Речь Тер-Айказуна убедила здравомыслящих слушателей, которых и так уже немало злила похотливая ненависть перезрелых баб. Кебусянша, видя, как тают ряды ее сторонников, озиралась по сторонам, ища поддержки, и очень скоро обнаружила, что за спиной священника стоит ее супруг, лишь полчаса назад разделявший ее возмущение и даже поддерживавший ее.
— Вот мухтар, — высокопарно заявила она, — послушайте, что он скажет! Двенадцать лет он за вас мучается. Слушайте, что он говорит!
Но мухтар на столь демагогическое обращение не отозвался, тут же ретировался и не пришел на выручку, своей посрамленной супруге. Видно было, как его покачивающаяся лысина скрылась вслед за Тер-Айказуном в шалаше. Со всех сторон раздались мужские голоса:
— Вы, бабы, лучше бы собой занялись! Делать вам нечего!

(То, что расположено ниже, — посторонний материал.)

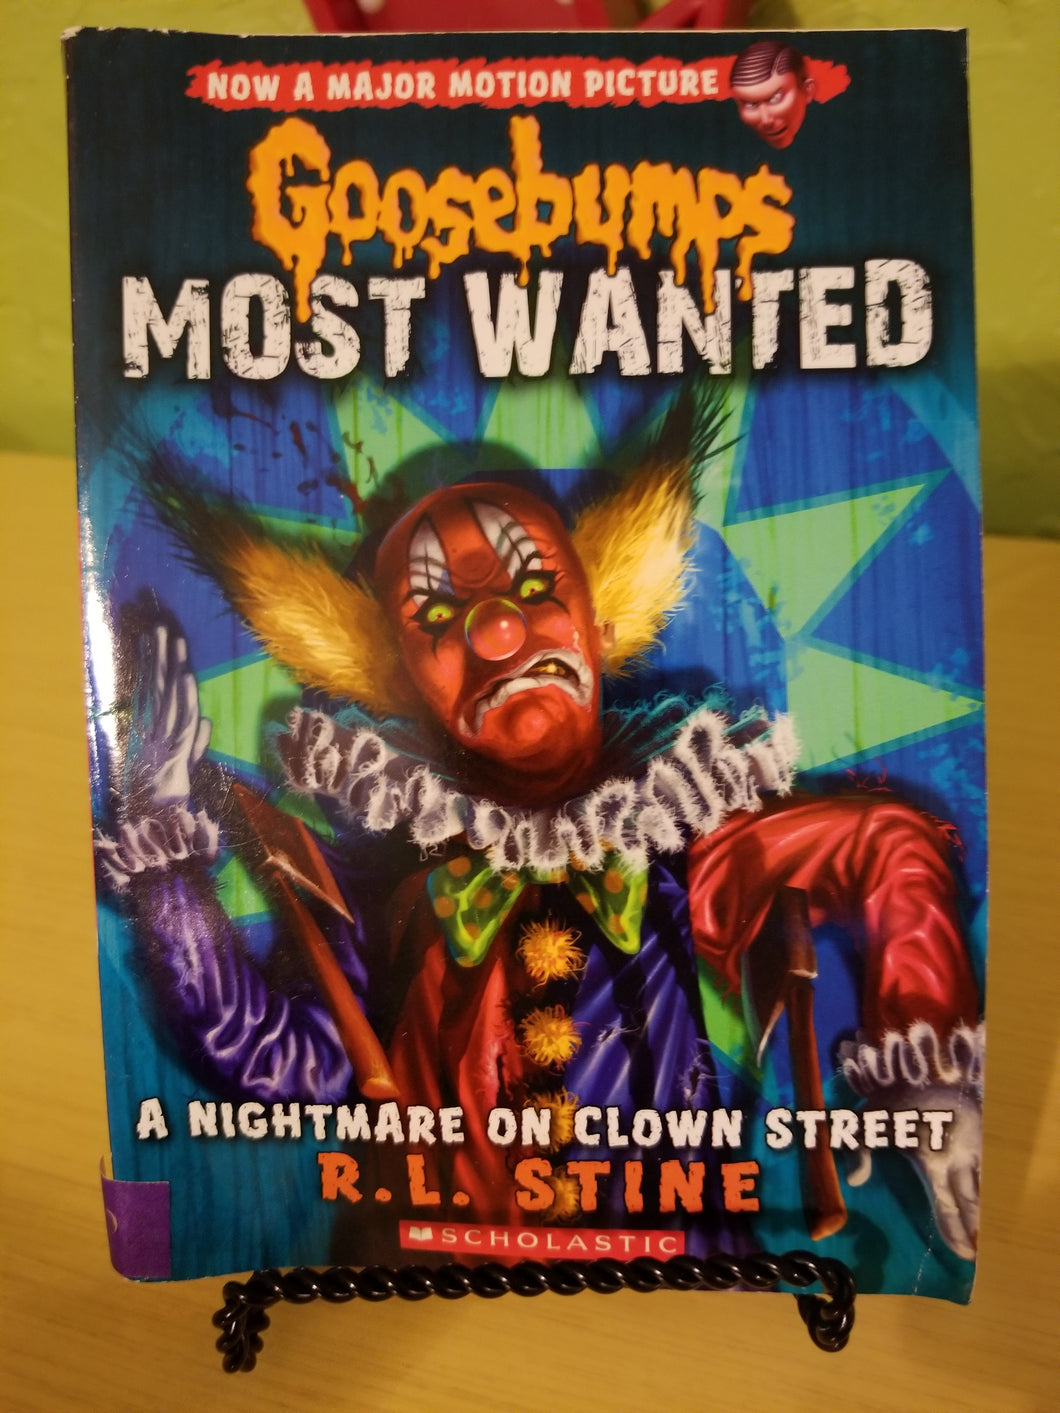 Goosebumps: Most Wanted #7 - A Nightmare on Clown St

Работать надо!
В шалаше Тер-Айказуна собралось несколько членов Совета — узкий круг. Речь шла об особом, крайне щекотливом для обсуждения предмете. Поэтому невысказанное чувство такта заставило их собраться здесь, а не в правительственном бараке. Рассматривать дело надо было в рамках морали, а в этой области Тер-Айаказун был полновластным диктатором, ему и поручили формулировать все решения. Он назначил двух посредников для переговоров: аптекаря Грикора и доктора Петроса Алтуни. Первого направили к Гонзаго Марису — Грикор же сам приютил его в своем доме и, так сказать, ввел в йогонолукское общество. А врача, как самого давнего друга дома Багратянов, послали к Габриэлу.

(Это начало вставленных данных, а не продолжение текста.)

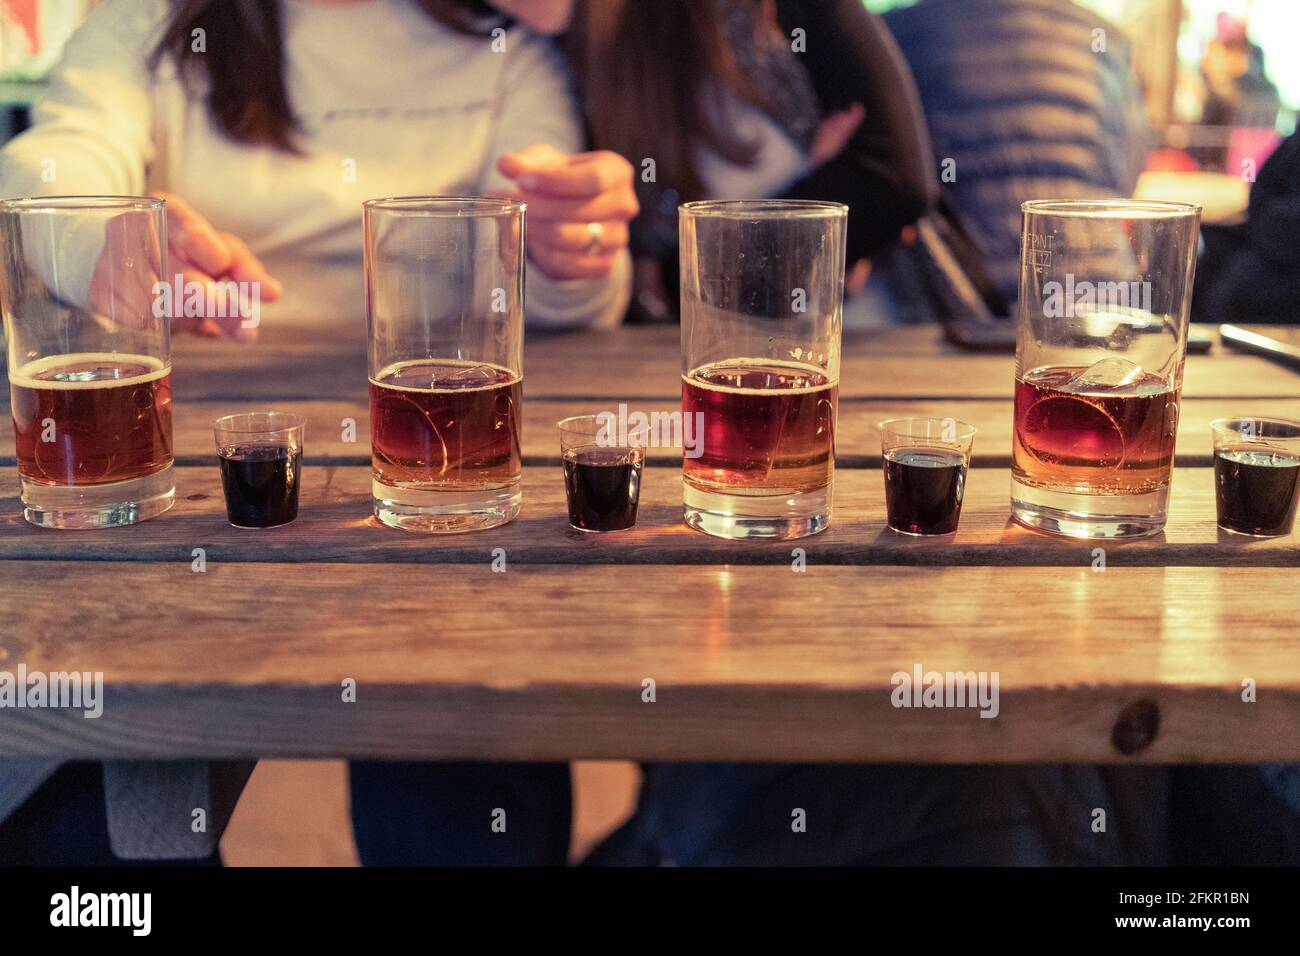 Pubs reopening post Covid-19 lockdown - Jägerbombs & black sumbuca shots on a wooden table outside Barton's Mill pub in Old Basing, UK. May 2021 Stock Photo

Что касалось больного аптекаря, то участие в застолье оказало столь живительное воздействие, что превзошло все имевшиеся у аптекаря лекарства. Два дня как он встал с постели и уже передвигался с помощью палки, хотя и медленно и очень маленькими шажками. Тер-Айказун велел привести его из закутка и в нескольких словах объяснил задачу: навестить своего бывшего постояльца. Два адъютанта из Юношеской когорты будут его сопровождать, помогут найти Мариса. Грикор должен сказать греку, что его жизни грозит опасность и что ему без промедления следует ретироваться из лагеря и окрестностей.

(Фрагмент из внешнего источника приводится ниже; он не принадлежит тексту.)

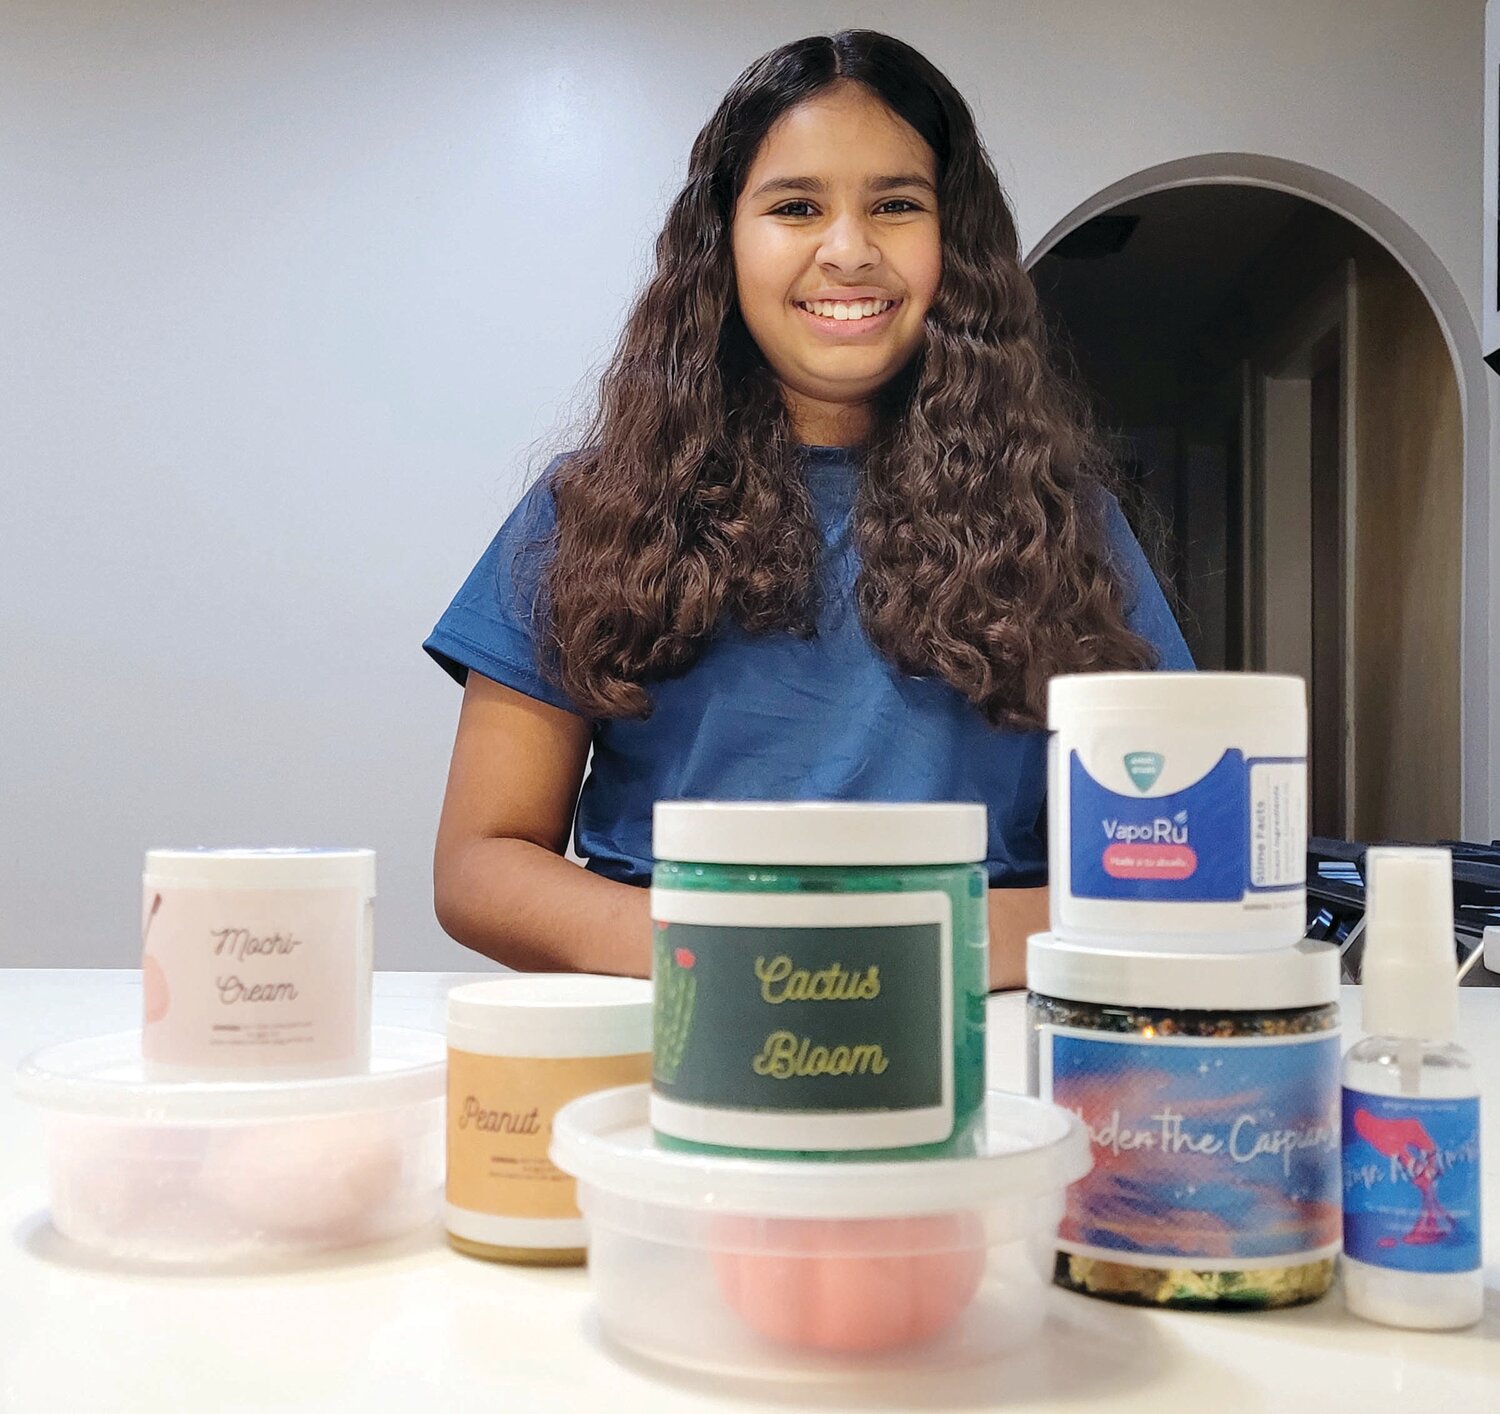 SLIME TIME DEBUT: At 12 years old, Penelope Santos may be one of the Ocean State’s youngest entrepreneurs. The founder of Angel Stars Slime LLC makes and sells all sorts of slime. She and her mother recently secured a business license from the town of Johnston. Penelope addressed questions from Town Council members and smiled wide after they approved her business license.

Грикор долго и упорно отказывался от поручения: он по профессии аптекарь, а не вышибала, которому поручают выставлять нежелательного гостя. Но на все его возражения Тер-Айказун давал один и тот же ответ:
— Ты его привел к нам, ты и выпроваживай!
И аптекарю после длительного сопротивления все же пришлось, несмотря на больные суставы, отправиться в столь неприятный поход.
И покуда он, опираясь на палку, медленно и неуверенно брел по тропинке, он разговаривал сам с собой, репетируя, как бы поделикатней и побыстрей решить предстоящую задачу.
Доктору Петросу досталось более легкое задание: он должен осторожно сообщить Багратяну о всеобщем возмущении и изложить просьбу ханум Жюльетте, чтобы она не выходила из своей палатки.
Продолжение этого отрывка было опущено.